Приключения сомнамбулы. Том 2 - Александр Товбин
Шрифт:
Интервал:
Закладка:
– Ужас нереализованности? От чего ты испытываешь ужас теперь, когда ничего нельзя изменить?
– У меня нет к прошлому сверхпретензий. А ужас, именно липкий ужас, если не убояться высоких возгласов, я испытываю от того, что не выпало… увидеть Италию, – печально улыбнулся. – Где ещё, – лукаво глянул на Соснина, как если бы они мирно обсуждали за чаем пассажи из дядиного дневника, – где ещё столь полно и тревожно-восхитительно явлены в камне все волнения духа?
Как… он читал? Мысли спутывались.
– Да, Италия то реальна, то иллюзорна, ближе её образы, дальше, – неуверенно, запинаясь, с трудом подбирал слова, – да, каменная энциклопедия волнений духа, немое назидание культуры, где на все времена пластически воплощены абстрактные мечтания о гармонии. Но какого дьявола… искать всякий раз гармонию заново, мучительно реализовываться, раскрываться, испытывать нечеловеческое напряжение жизни? – вспылил Соснин, и хотя на сердце заскребли кошки, сдержаться не смог, упрямо повторил, – ради чего испытывать нечеловеческое напряжение жизни, творя искусство, завороженное работой смерти? Ради того, чтобы попасть, наинтриговавшись, в этот раздираемый склоками гениев паршивый двор? Поиском какой истины одержимы мы? В чём, скажи, смысл жизни? В самом поиске, отвлекающем от бессмыслицы?
Художник молчал.
– Никакого абсолютного смысла вообще нет?
Художник молчал, еле заметно, как показалось, покачав головой; возможно, хотел, чтобы Соснин выговорился.

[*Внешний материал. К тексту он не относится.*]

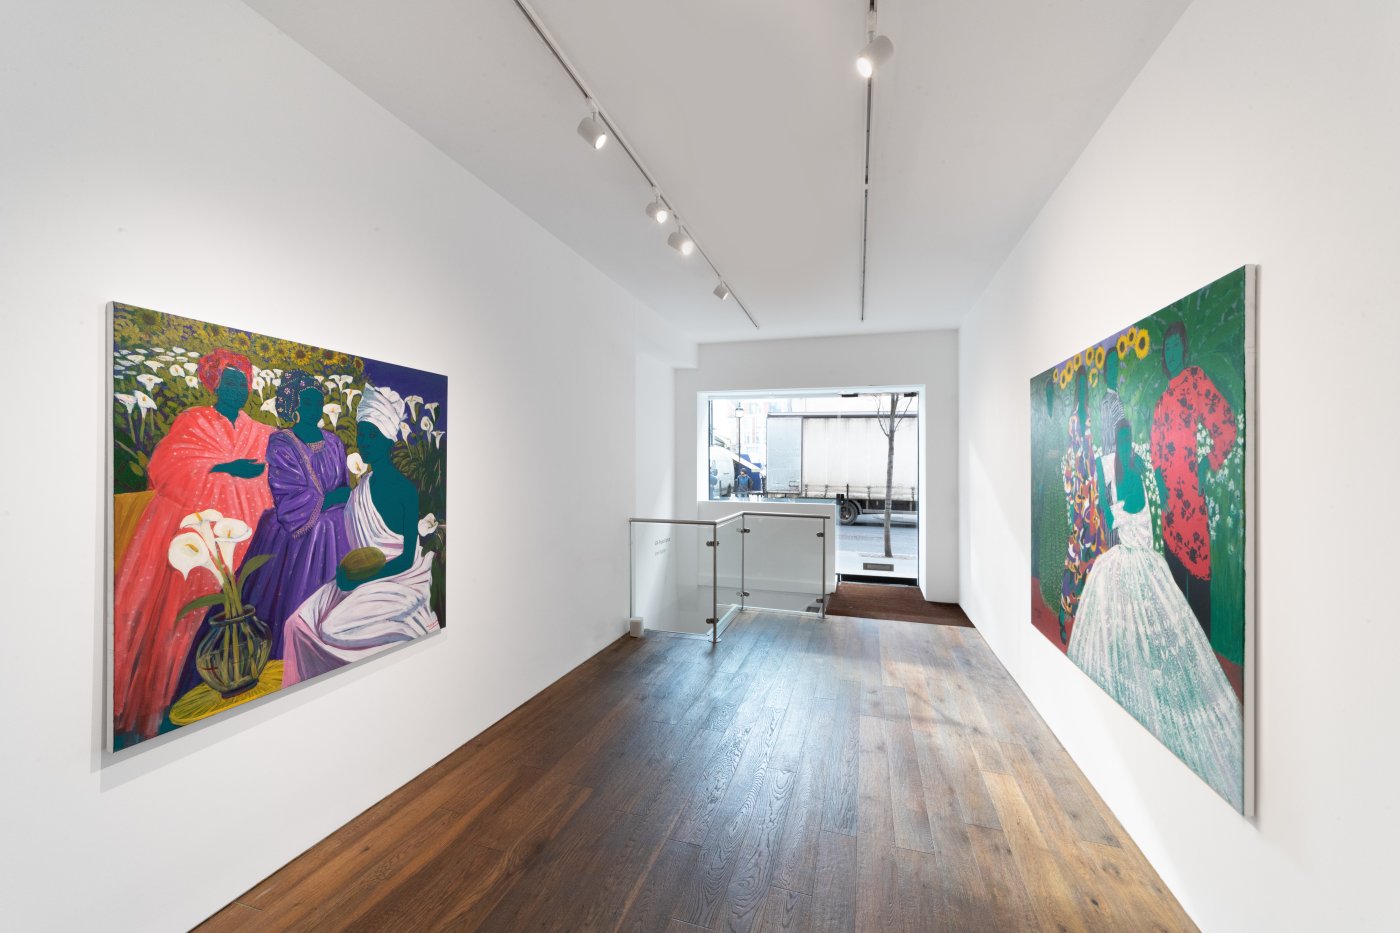 Installation image for Dawit Adnew: Woven Moments, at Addis Fine Art
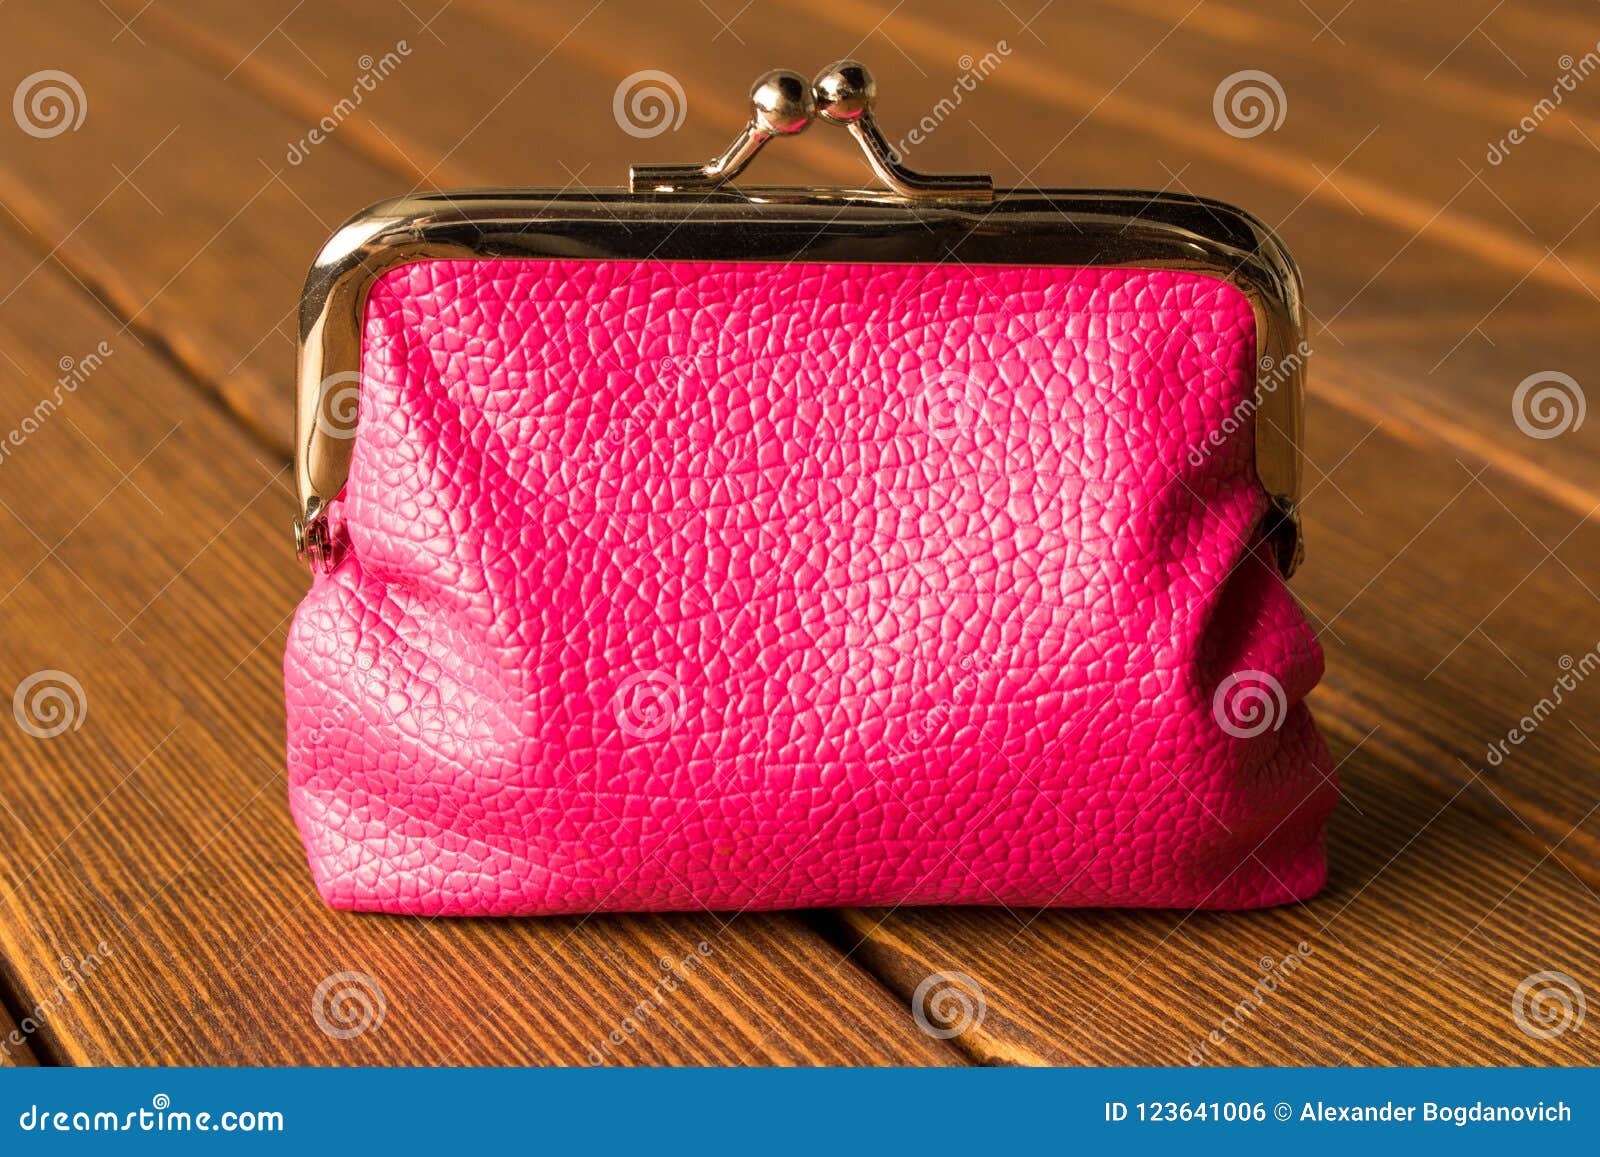 Purse on a Wooden Table . on Wooden Background Stock Photo - Image of ...
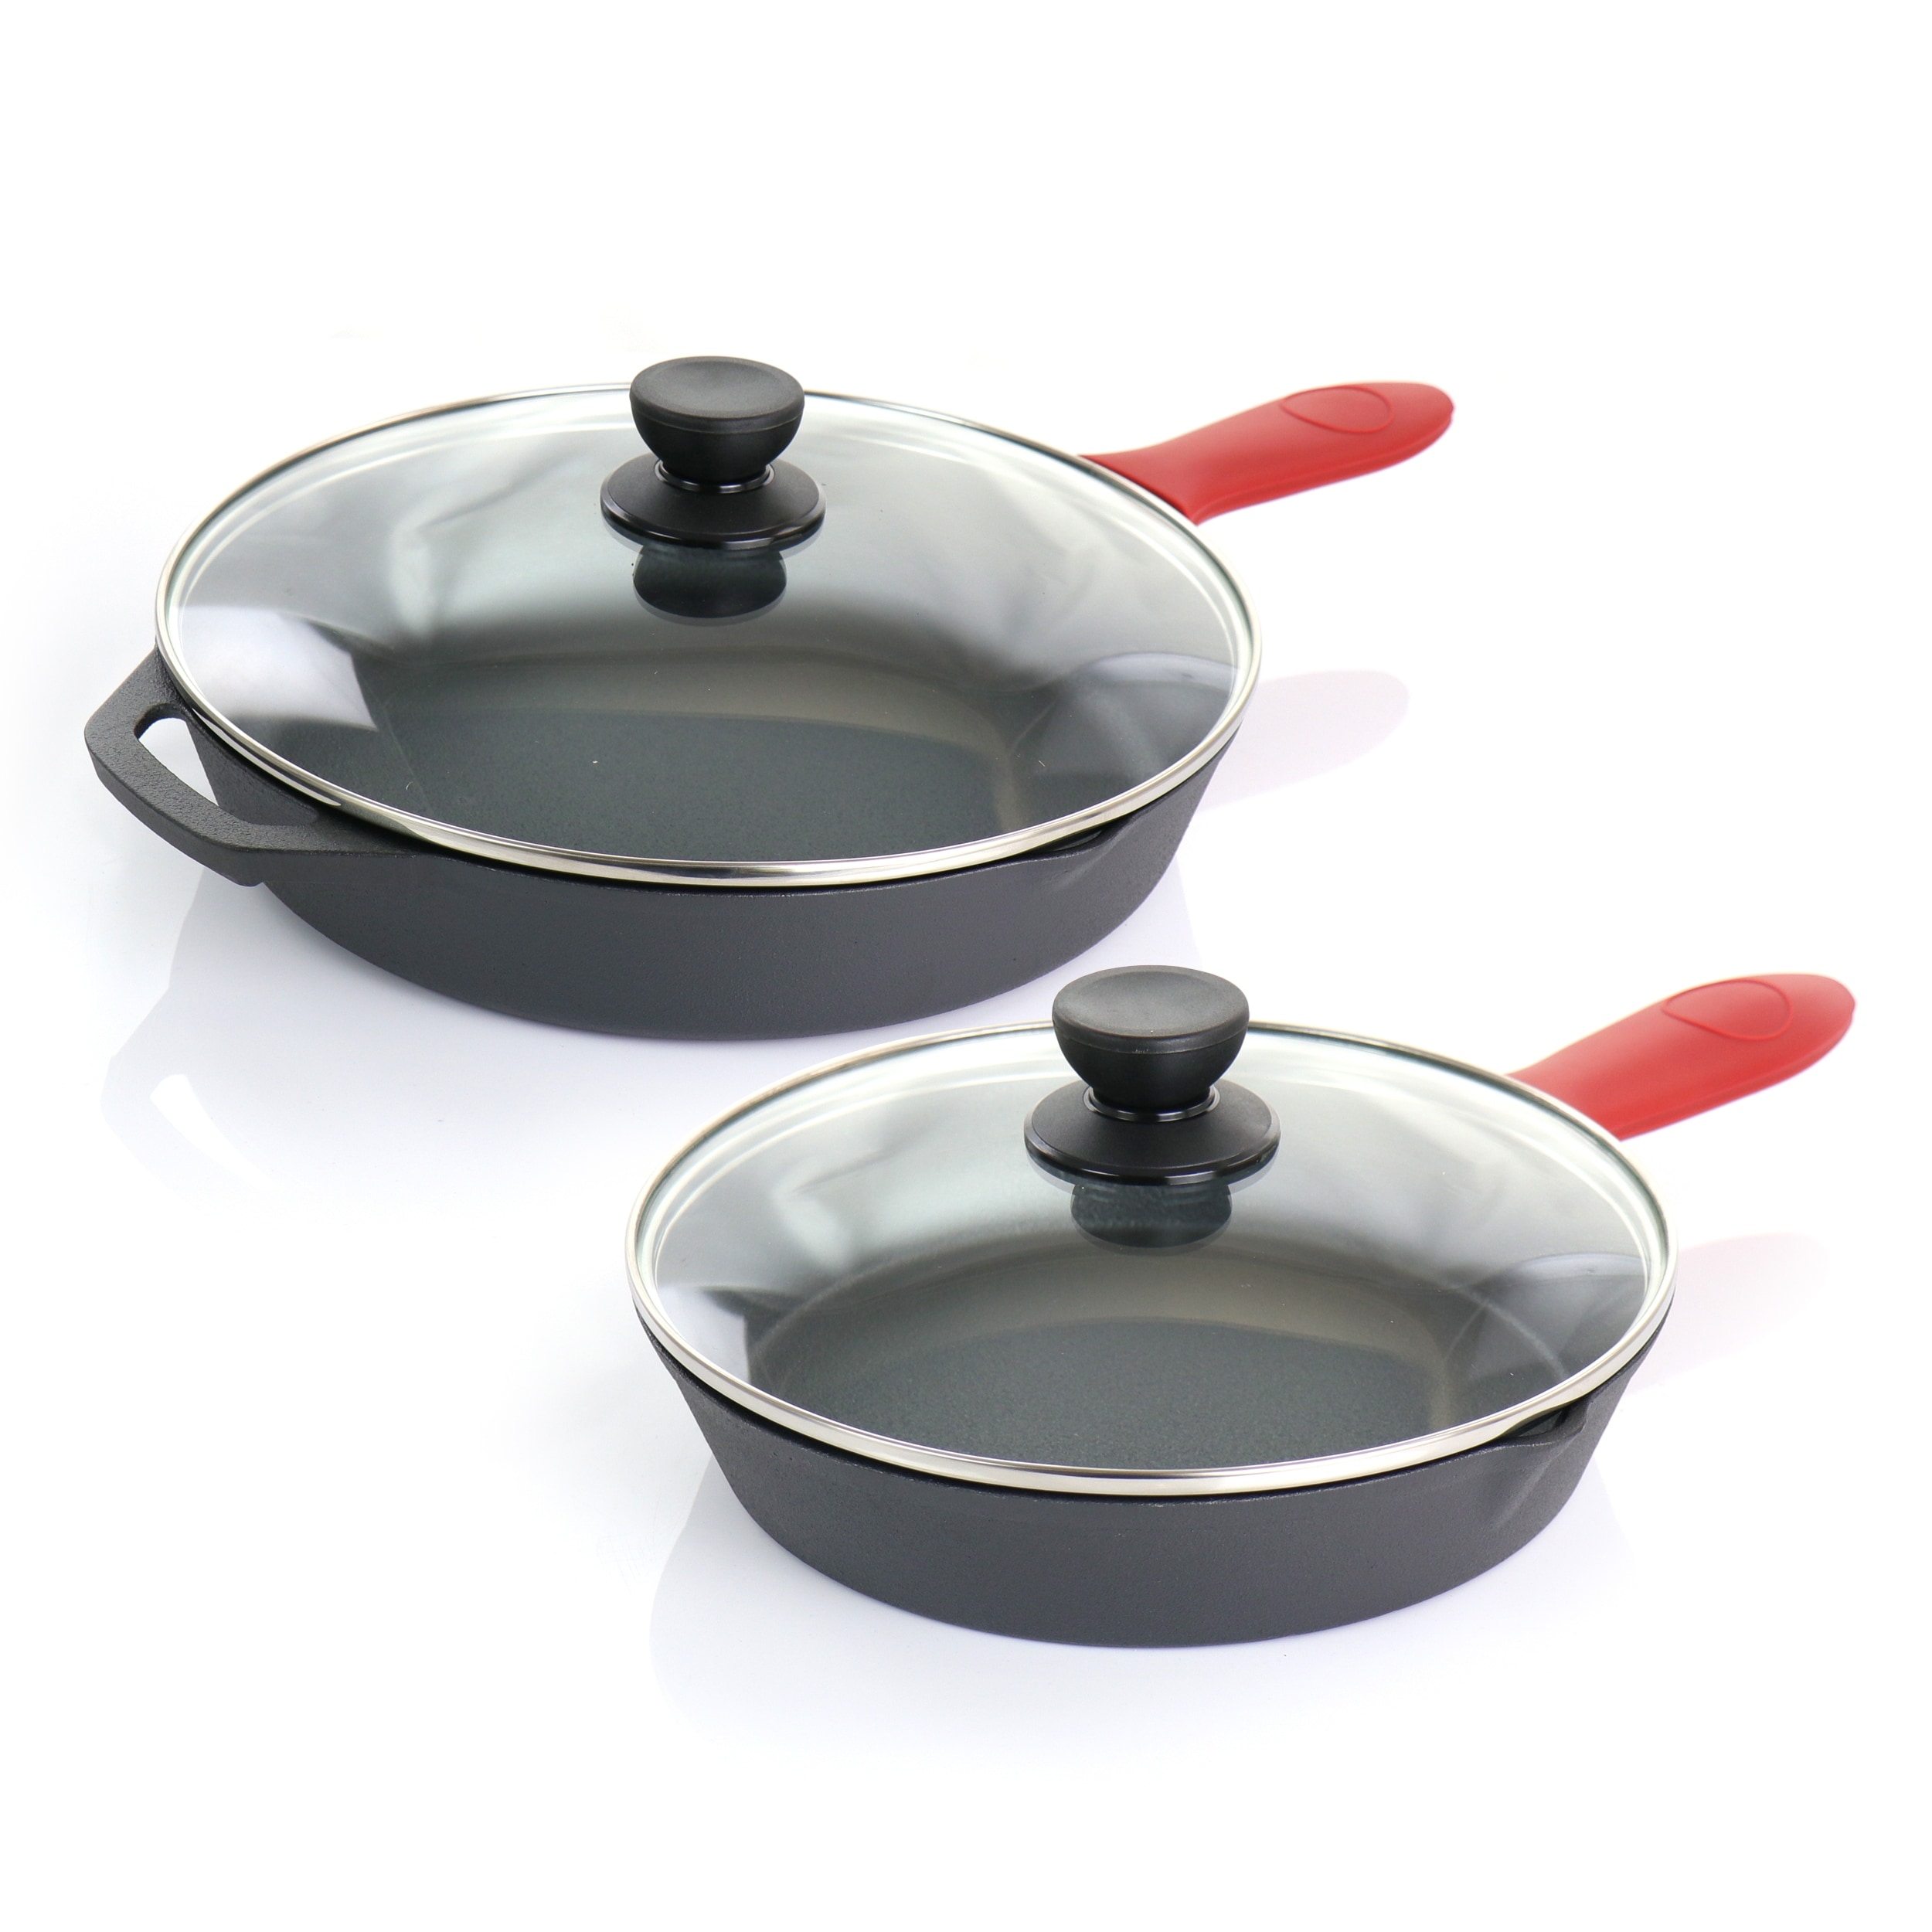 https://ak1.ostkcdn.com/images/products/is/images/direct/89a0d6182c6e45862fff8a2e8e91cfac57d726db/MegaChef-Pre-Seasoned-6Pc-Cast-Iron-Skillet-Set-w-Lids-and-Red-Holders.jpg
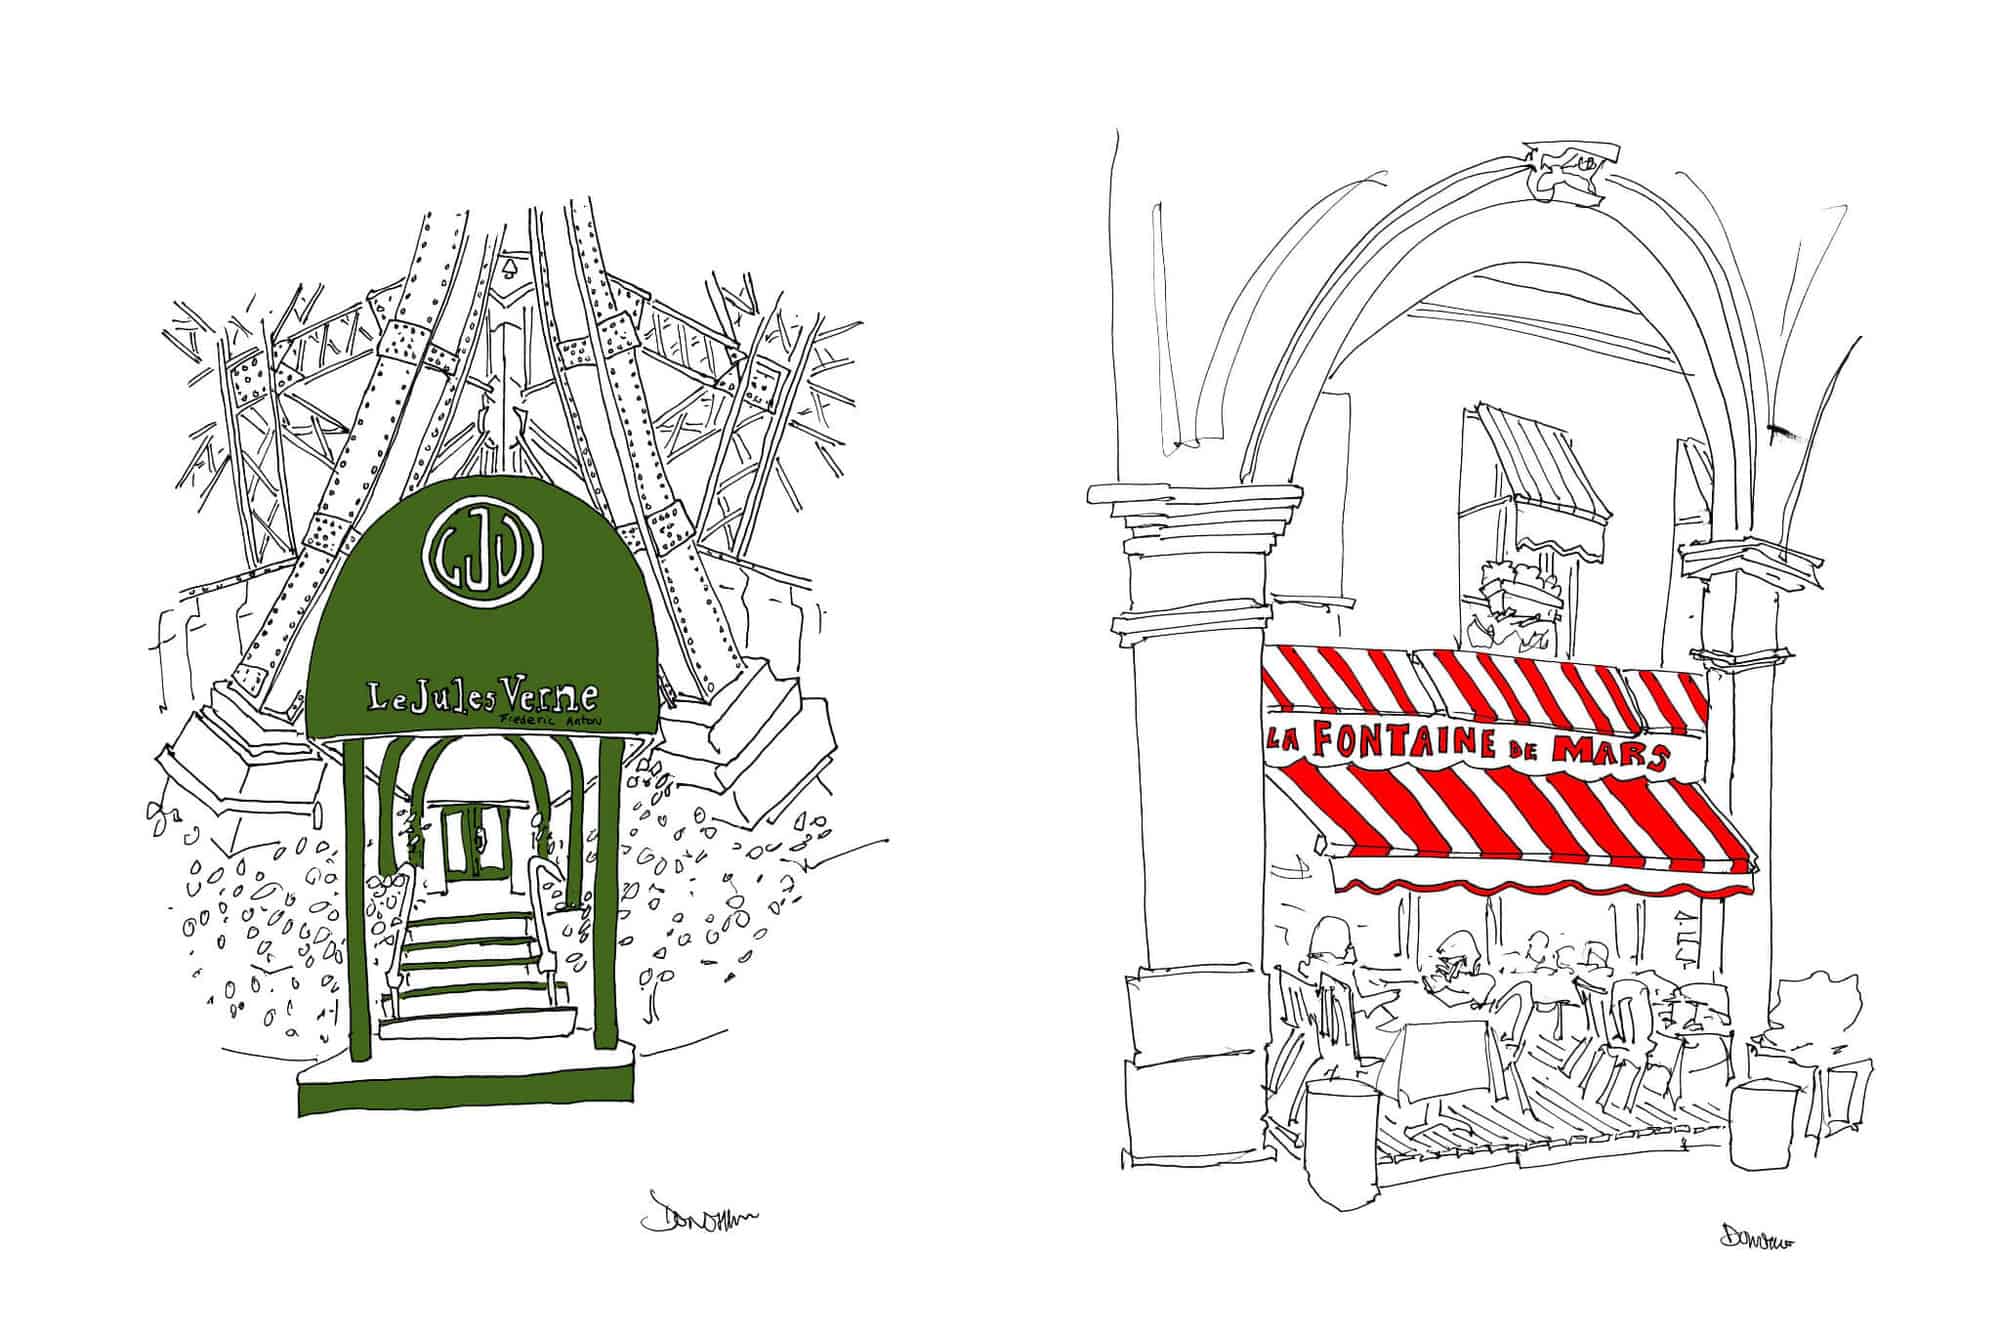 Left: a drawing of the front of Le Jules Verne restaurants at the Eiffel Tower in Paris by John Donohue. Right: a drawing of La Fontaine de Mars restaurant in Paris by John Donohue.

– Почему главная мечта всех культур – мечта о бессмертии? Смысл жизни, согласно банальной формуле, в преодолении смерти. Преодолении – как?!
Молча Художник смотрел Соснину в глаза.
– Искусство, поскольку остаётся после нас, смертных, важнее жизни?
Молчание, лёгкий поворот головы.
– Все наши беды, страдания, болезни, предсмертные муки окупаются лишь тем, что после нас остаётся искусство?
Художник молчал, смотрел с сожалением; Соснин почувствовал, что повторяется.
– Недавно я вычитал мнение насчёт того, что искусство – особая религия, религия Бога… возвышенное утешение для Создателя безутешного мира… Но это, если это и так, – смысл для Бога, а есть ли смысл для простых смертных?
Художник кивнул, дав понять, что знает о крамольном мнении Тирца, однако на вопрос Соснина не ответил.
– Смысл, напротив, появился бы, если бы человек вдруг обрёл бессмертие? Если бы живых не подстерегали здесь, за забором, все эти затхло-тусклые ужасы?
Художник молчал.
– Впрочем, мне не нужны утопии. Скажи, есть побочный, непостижимый, какой-то дьявольский смысл? И ради него, тайного побочного смысла, мы обречены все отпущенные богом земные дни, вслепую мучаясь несбыточными мечтами, тревожась и сомневаясь, мало-помалу отравляться трупным ядом, проникающим отсюда туда, – дёрнул плечом, – туда, за забор?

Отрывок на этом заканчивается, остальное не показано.